Runnin' With the Devil (Noel Monk Van Halen book) --> my book review

Discussion in 'Music Corner' started by DrBeatle, Nov 9, 2018.

  1. DrBeatle

    DrBeatle The Rock and Roll Chemist Thread Starter

    Location:
    Midwest via Boston
    Another Van Halen book, this one written by former manager Noel Monk. Definitely a tell all where he spares no punches showing the seedier side of the band, especially the two members of the band he couldn't stand (you'll know who I mean if you've read the book).

    The Rock and Roll Chemist: BOOK REVIEW: Runnin' With the Devil (Van Halen)
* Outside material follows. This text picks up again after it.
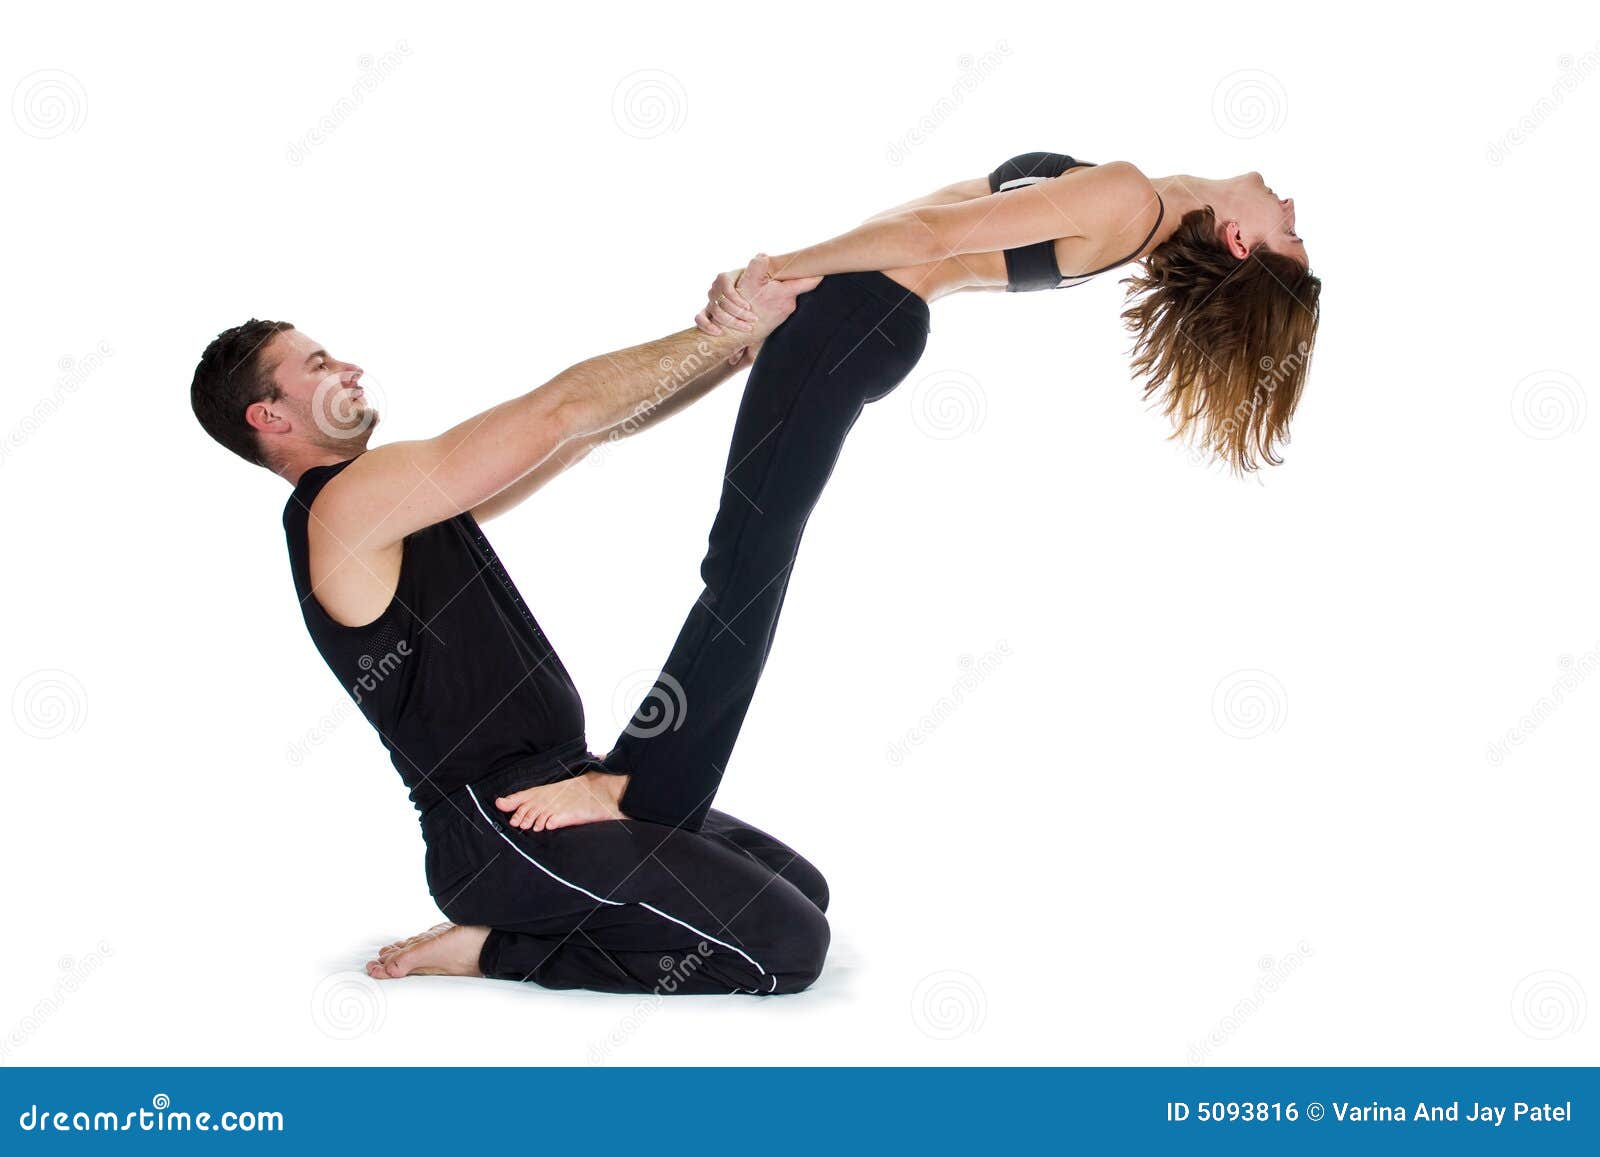 Yoga For Two - Series Stock Photo. Image Of Skin, Movement - 5093816

    I know a lot of fellow fans on here have read it, so let's discuss!
     
  2. Jachay

    Jachay Well-Known Member

    Location:
    GTA
    I read it and wasn't a fan. The brothers are from from perfect and he certainly shows it. Roth doesn't come out looking good either. The story about Roth at the end of the 1984 tour in the bus, yikes..

    Monks story on how he got the band out of their initial contract with Warner brothers is interesting, the sabbath tour stories too. Overall though lots of negative vibes.

    I'd like to see if Greg Renoff has a follow up in him on his excellent book detailing 78-84.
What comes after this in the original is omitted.